Baldr: Bounds check elimination for indirect calls
Categories
(Core :: JavaScript: WebAssembly, enhancement, P3)
Tracking
()
People
(Reporter: lth, Unassigned)
References
(Blocks 1 open bug)
Details
Attachments
(1 file)
(deleted),
text/x-phabricator-request
|
Details |
Consider:
(module
(type $t0 (func (result i32)))
(func $f1 (result i32) (i32.const 0))
(func $f2 (result i32) (i32.const 1))
(table $tbl funcref (elem $f1 $f2))
(func $f3 (param i32) (result i32)
(call_indirect (type $t0) $tbl (local.get 0))
drop
(call_indirect (type $t0) $tbl (local.get 0))))`));
The ion code generated for the two indirect calls shows that we bounds check the index against the table length in both calls, yet the index has not changed and tables cannot shrink, so the second test must pass if the first one did. To do better, the bounds check may have to be open-coded so that Ion can see it. At the moment, there is ad-hoc BCE in LIRGenerator::visitWasmCall where we remove the bounds check if the index is constant and below the table minimum, but we want something better.
Reporter | ||
Comment 1•3 years ago
|
||
It would be useful to have an idea about the impact of this optimization before trying to do the work.
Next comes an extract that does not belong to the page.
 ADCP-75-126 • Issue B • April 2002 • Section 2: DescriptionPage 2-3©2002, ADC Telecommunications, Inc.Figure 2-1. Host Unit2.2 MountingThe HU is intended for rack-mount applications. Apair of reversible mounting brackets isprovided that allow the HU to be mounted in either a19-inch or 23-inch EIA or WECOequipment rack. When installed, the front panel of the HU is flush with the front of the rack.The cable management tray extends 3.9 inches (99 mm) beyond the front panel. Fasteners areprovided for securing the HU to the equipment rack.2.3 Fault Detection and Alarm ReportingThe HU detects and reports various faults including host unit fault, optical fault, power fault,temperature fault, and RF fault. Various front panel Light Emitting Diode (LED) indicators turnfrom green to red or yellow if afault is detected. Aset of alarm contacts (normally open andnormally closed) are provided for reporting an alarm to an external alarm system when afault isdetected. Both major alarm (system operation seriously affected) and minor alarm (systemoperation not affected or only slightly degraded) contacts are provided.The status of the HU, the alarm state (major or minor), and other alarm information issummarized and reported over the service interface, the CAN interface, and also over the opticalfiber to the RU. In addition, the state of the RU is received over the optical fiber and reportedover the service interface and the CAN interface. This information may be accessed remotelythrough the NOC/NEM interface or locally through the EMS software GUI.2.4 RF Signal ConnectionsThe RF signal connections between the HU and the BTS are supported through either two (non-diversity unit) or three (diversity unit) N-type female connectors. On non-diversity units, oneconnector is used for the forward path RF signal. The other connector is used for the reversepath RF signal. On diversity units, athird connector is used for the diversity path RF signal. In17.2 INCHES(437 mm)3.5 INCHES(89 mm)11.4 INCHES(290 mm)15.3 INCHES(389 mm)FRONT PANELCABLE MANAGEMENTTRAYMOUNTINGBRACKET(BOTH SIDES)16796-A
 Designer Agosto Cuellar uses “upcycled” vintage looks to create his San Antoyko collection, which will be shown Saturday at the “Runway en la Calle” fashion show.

One thing that's easy to measure is the static ratio of variable-index accesses to constant-index accesses; slightly harder but much more interesting would be the dynamic ratio. It will be hard to generalize this: source language, compilation strategy, optimization level, and the program itself all play a part. But it doesn't hurt to look at code that people care about, such as autocad, zoom, pspdfkit, and probably some rust codebase, tbd. It doesn't have to be a web-only codebase, either.
Reporter | ||
Comment 2•3 years ago
|
||
The evidence is fairly strong that the non-constant-index indirect calls are the rule (profiling code to appear):
web.autocad.com, the roller assembly sample + a single rectangular selection before quitting:
Bounds check eliminated: 0
Bounds checked, constant index: 0
Bounds checked, variable index: 5473719
pspdfkit.com, just click around in the standalone demo for a little while:
Bounds check eliminated: 0
Bounds checked, constant index: 0
Bounds checked, variable index: 7346718
ruffle.rs (flash emulator), running a demo:
Bounds check eliminated: 0
Bounds checked, constant index: 0
Bounds checked, variable index: 6816046
At the same time, 7M calls over, say, 10s is nothing, so these applications will not benefit much from an optimization unless those calls are very heavily clustered.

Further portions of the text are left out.